With golden sandwiches piled high on a plate and chicken noodle soup ladled into nine bowls, Jayne told the girls to sit down and eat. When the flurry of movement subsided, two empty places remained—one beside Chris Hammond and the other at the far end, facing him. Over on the couch, Monique still pouted. So Jayne had the choice of sitting next to him or facing him as if they were parents on either end of the family table.
Avoiding the domestic image, she sat down in the chair at his left hand. She could pour more coffee that way, and monitor his conversation with the girls.
After all, what kind of man did they have stranded with them tonight? He might be a pedophile, for all she knew. He’d stalked her all over Ridgeville just yesterday. And he’d said—she’d blocked the memory in the urgency of the moment—he’d said he’d come to find out why she was lying about her name and about not knowing him. The very idea meant he was delusional, at least. He’d clearly mistaken her for someone else. At the worst, he might actually be mentally unstable.
But she couldn’t have left him out in the snow, injured and bleeding, even if she’d had a choice. Which she hadn’t, because he’d fallen in the door without waiting for permission. Was he dangerous? Would she and the girls all be murdered in their beds?
“What are you worrying about?”
She snapped her head around to look at him. “I—I’m not worrying. Just eating.”
Chris Hammond gave a lopsided smile. “Except you haven’t picked up your spoon or taken a sandwich. You’re staring off into space with that little crease between your eyebrows you always get when you’re worried.

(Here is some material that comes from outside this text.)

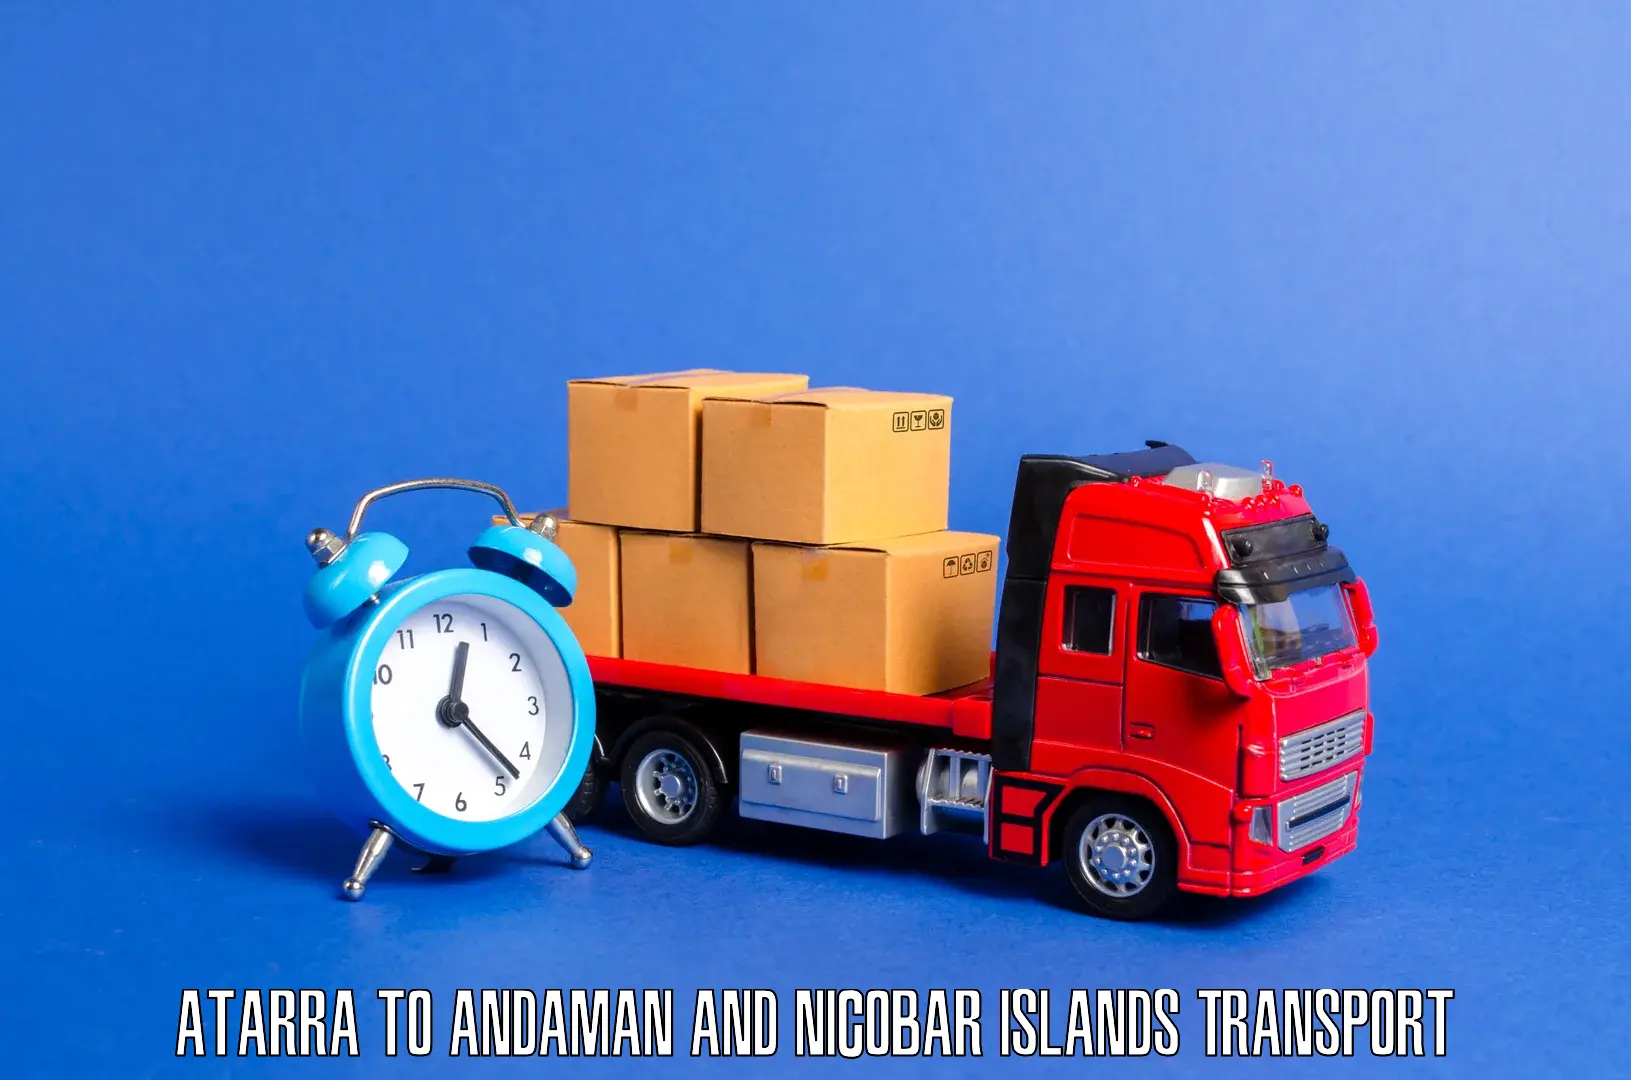 Land transport services Atarra to Andaman and Nicobar Islands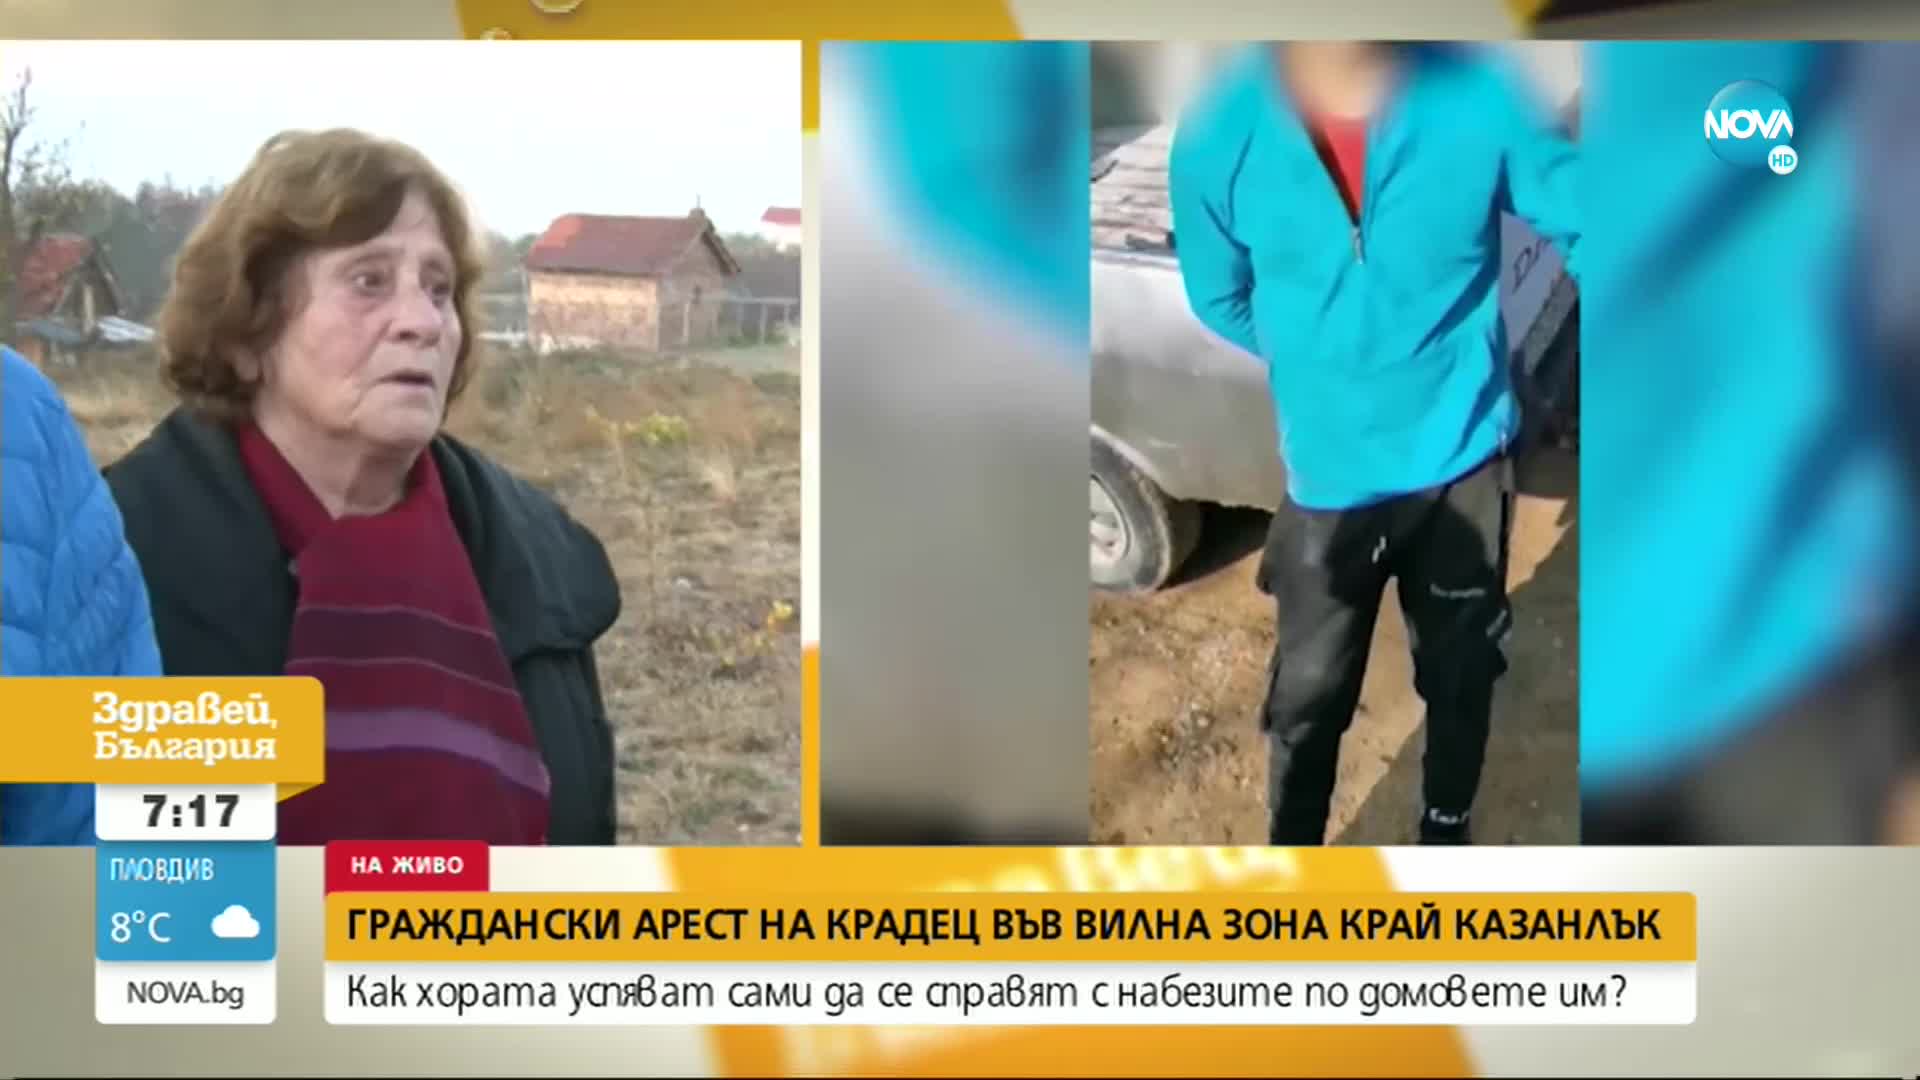 Граждански арест на крадец във вилна зона край Казанлък

And you’re wringing your hands in your lap.”
Jayne immediately relaxed her fingers. “I was just thinking about the storm.” The flush from that lie crept up her neck under her turtleneck shirt. “Do you know how much snow they’re predicting?”
He took a crunching bite of his sandwich and swallowed. “My granddad was predicting a blizzard as I left this afternoon. Maybe I should have believed him.”
“Is he a weather forecaster?”
“Just an old mountaineer.” Chris Hammond turned his head to lock his gaze with hers. “As you should remember.”
Her denial was overwhelmed by Yolanda’s shout from the other end of the table. “Hey, Ms. Thomas, can we go sledding after dinner?”